I’m learning to live in liminal space, the time between the ‘what was’ and the ‘next’.
I’m practicing becoming self aware vs self obsessed. Noticing the mental chatter, the mind busy planning, reacting, telling my story yet again. I then consciously breath and focus on doing whatever it is I’m doing. What’s my body feeling? Breath. Really see the carrot I’m cutting or the weeds I’m pulling. Breath. Feel whatever emotion arises but don’t start telling a story about it. Breath. And Life continues to unfold in me and around me.
Simply experiencing what is brings peace. I’m beginning to trust. I pay attention to the little surprises and notice how things work out in ways I couldn’t possibly expect (another blog). I continue to practice.
Thank you, Barbara.
Life is weird, isn’t it!
For years now, I have lived each day as if it is my last. I like the worry that leaves when I think of that possibility, the freedom that comes with the possibility that this is my last day.
Your post resonates with me and how my life is unfolding. So much is going on around me, but I am learning to step back and breathe and look and feel. It sounds simple but it takes a commitment to avoid distractions. You matter. We all matter. Sometimes we become our own cheerleaders and that’s growth, for me, at least.
Thank you for this!
Love to see you posting again! You always bring such wisdom, like this!

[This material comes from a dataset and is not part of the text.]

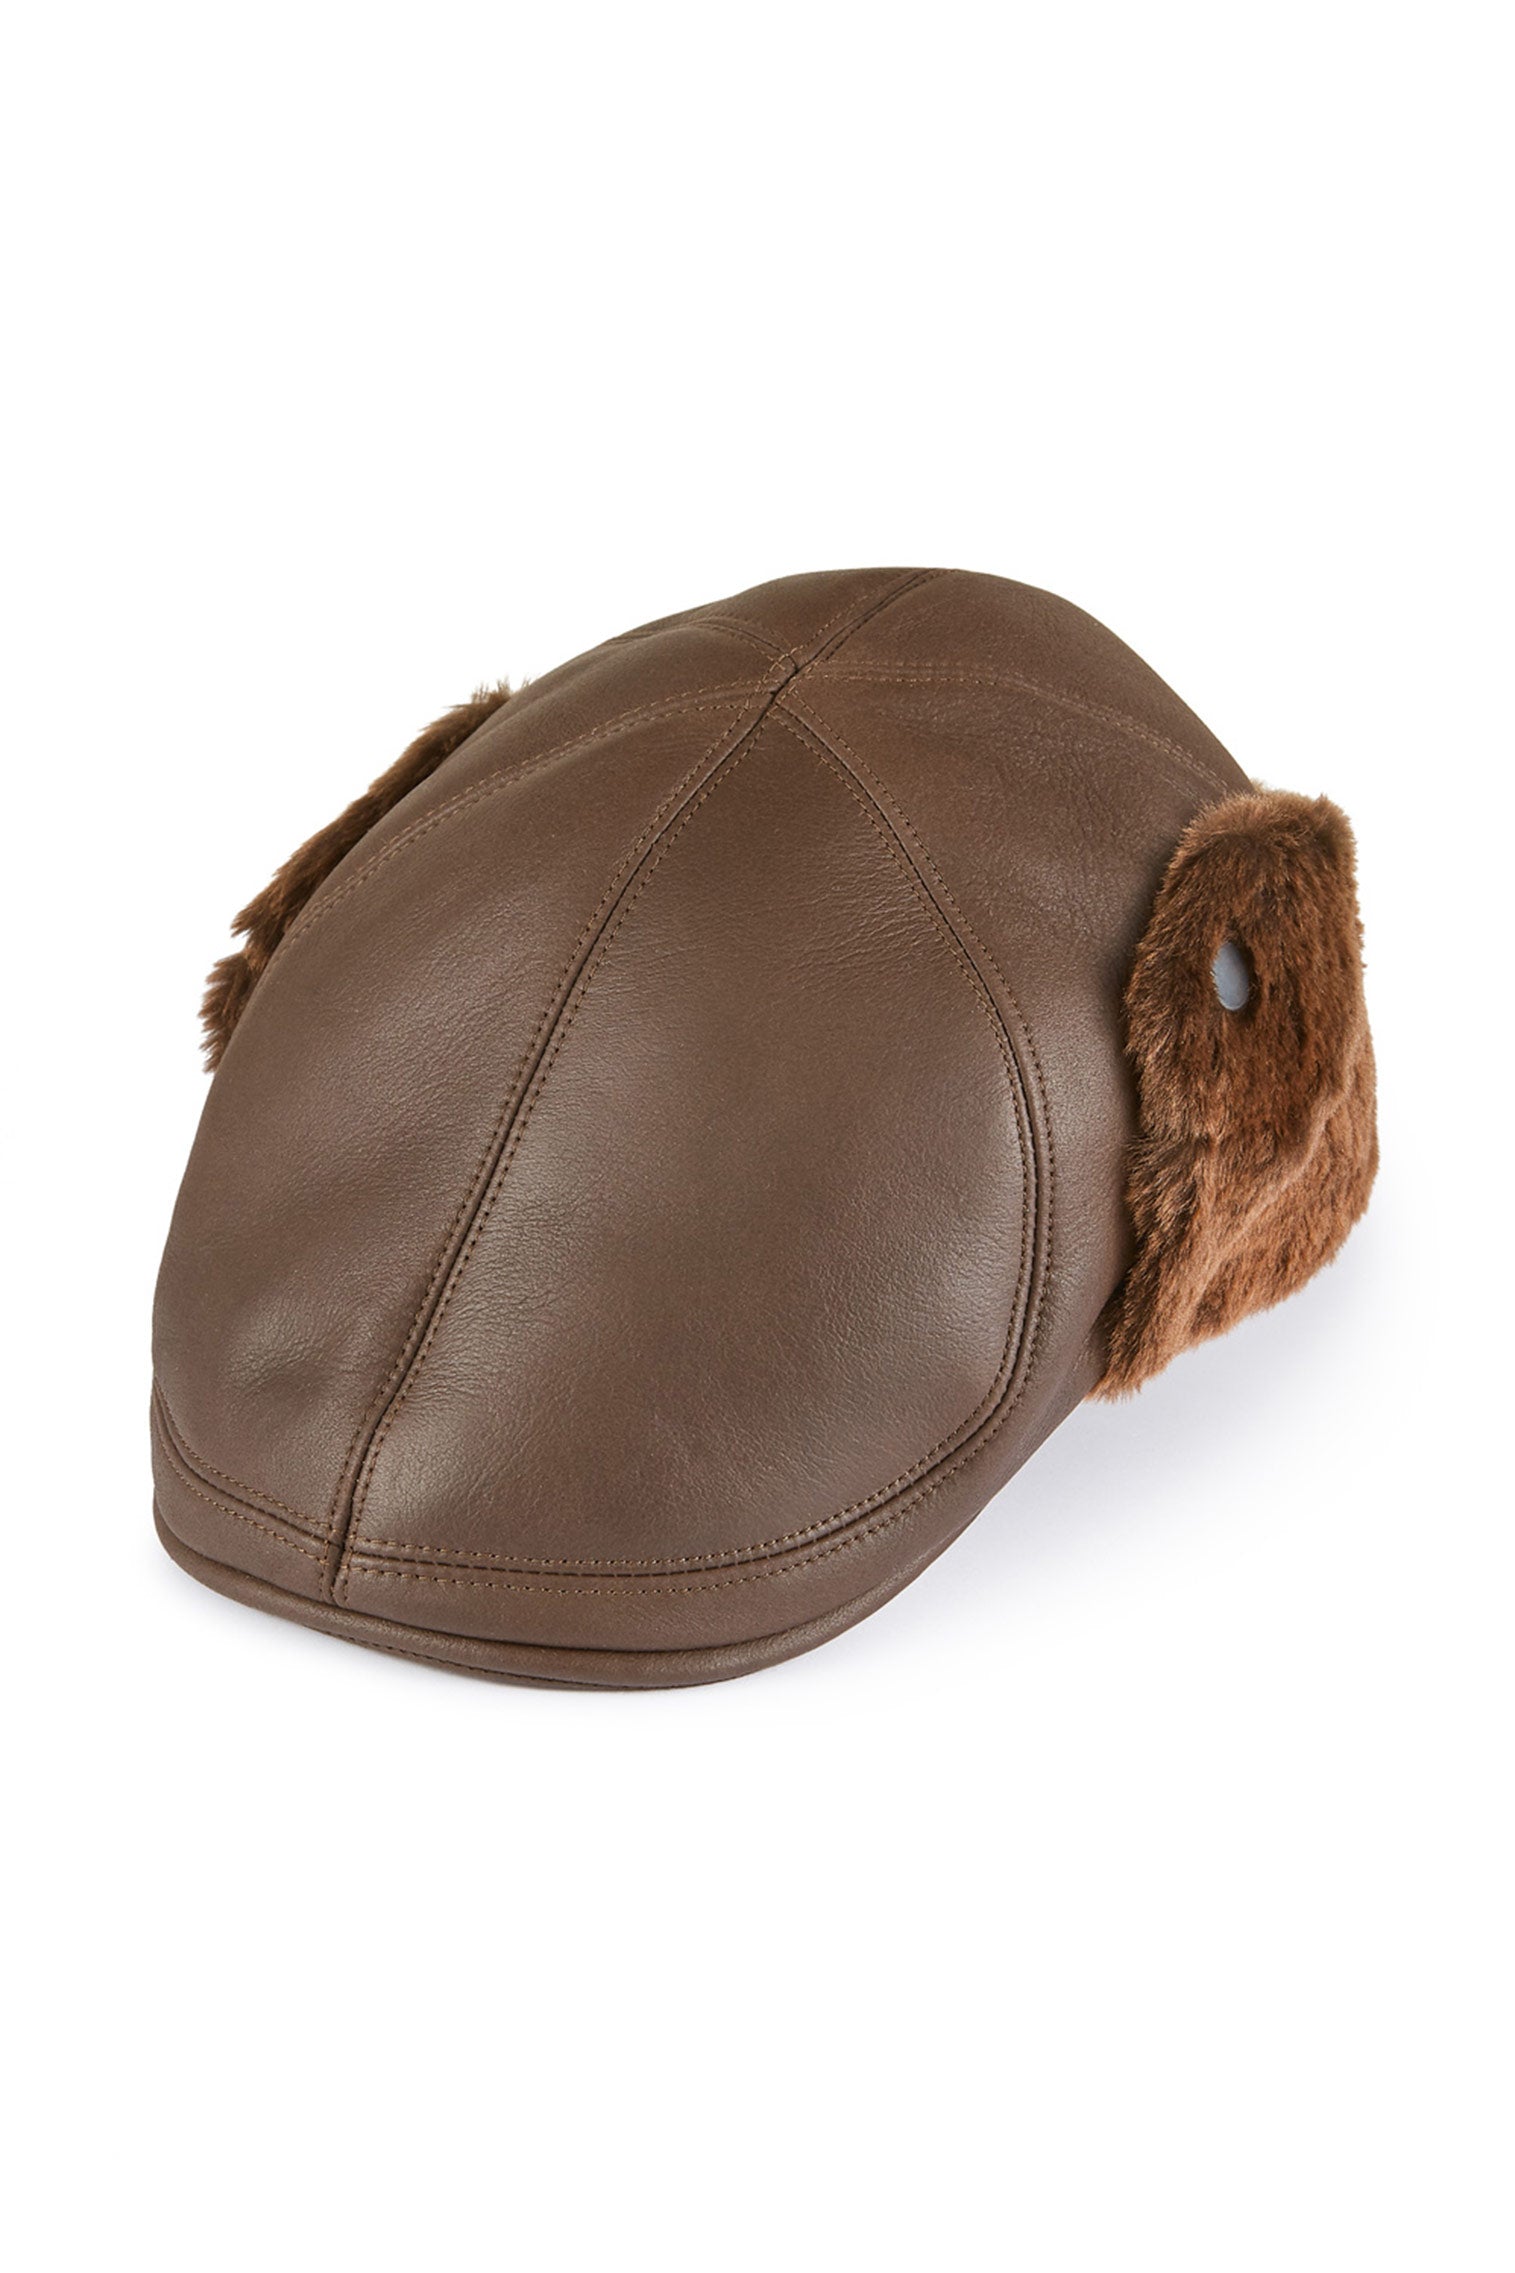 Alberta Leather Flat Cap - Men's Hats - Lock & Co. Hatters London UK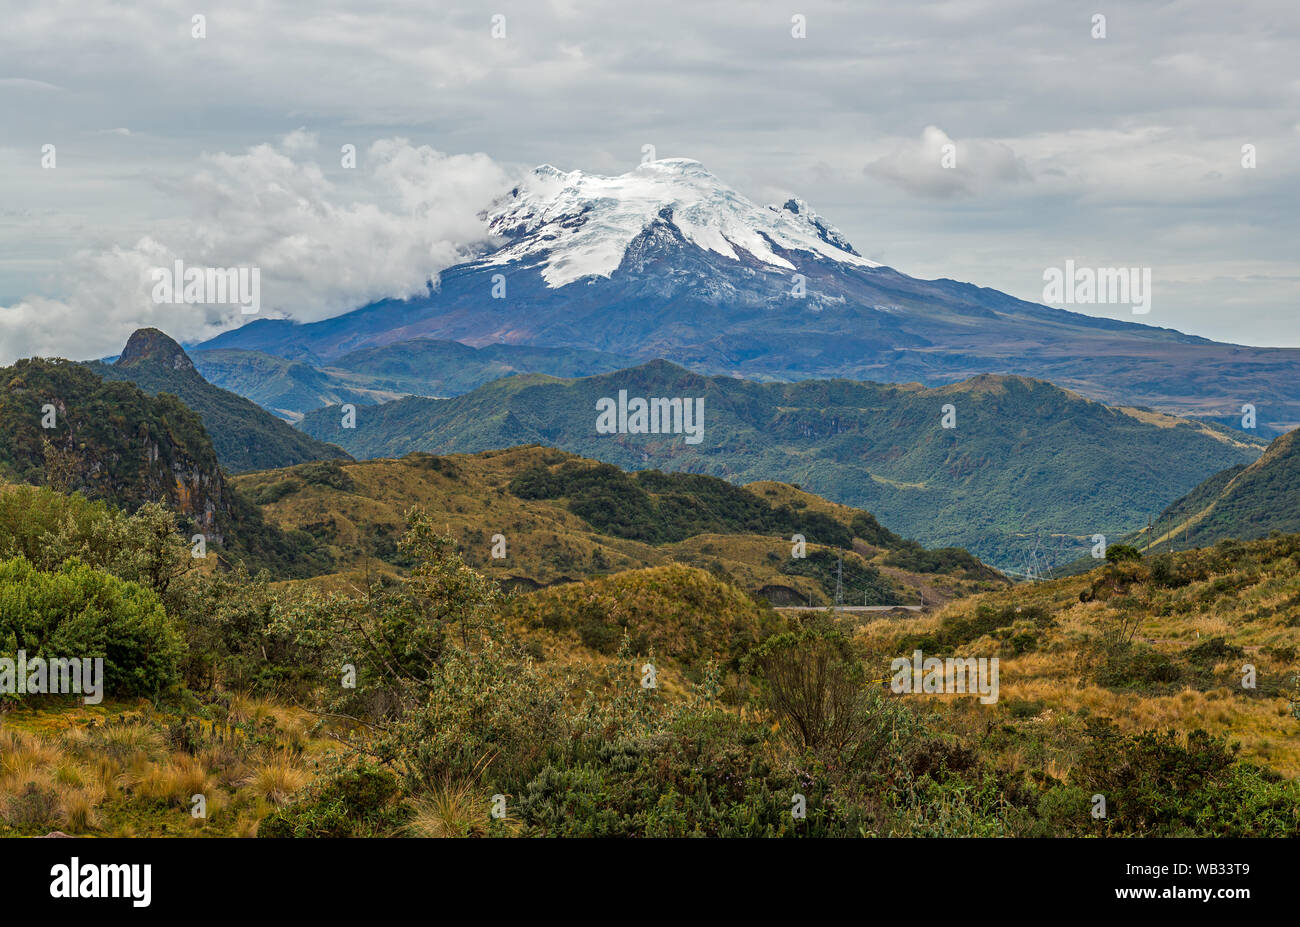 Paisaje con el pico del volcán Artisana con nieve y hielo dentro de la Reserva Ecológica Antisana en la cordillera de Los Andes, cerca de Quito, Ecuador. Foto de stock

I love this, Barbara. I call what I am doing along these lines “dogmental” I made it up this week. Staying in the present, breathing, noticing my insides and being with what I feel and think. Doing what makes sense. The churning up of my old stuff is really amped up lately in my dream time and when I am awake. I am learning how to love my Self better and to respect myself better. It is fun really. Thank God for forgiveness which heals the wounds I have kept reinfecting with denial and judgement. Accepting myself as I am is my main work now but it is exciting and fun , too. Going where no woman or man as gone before!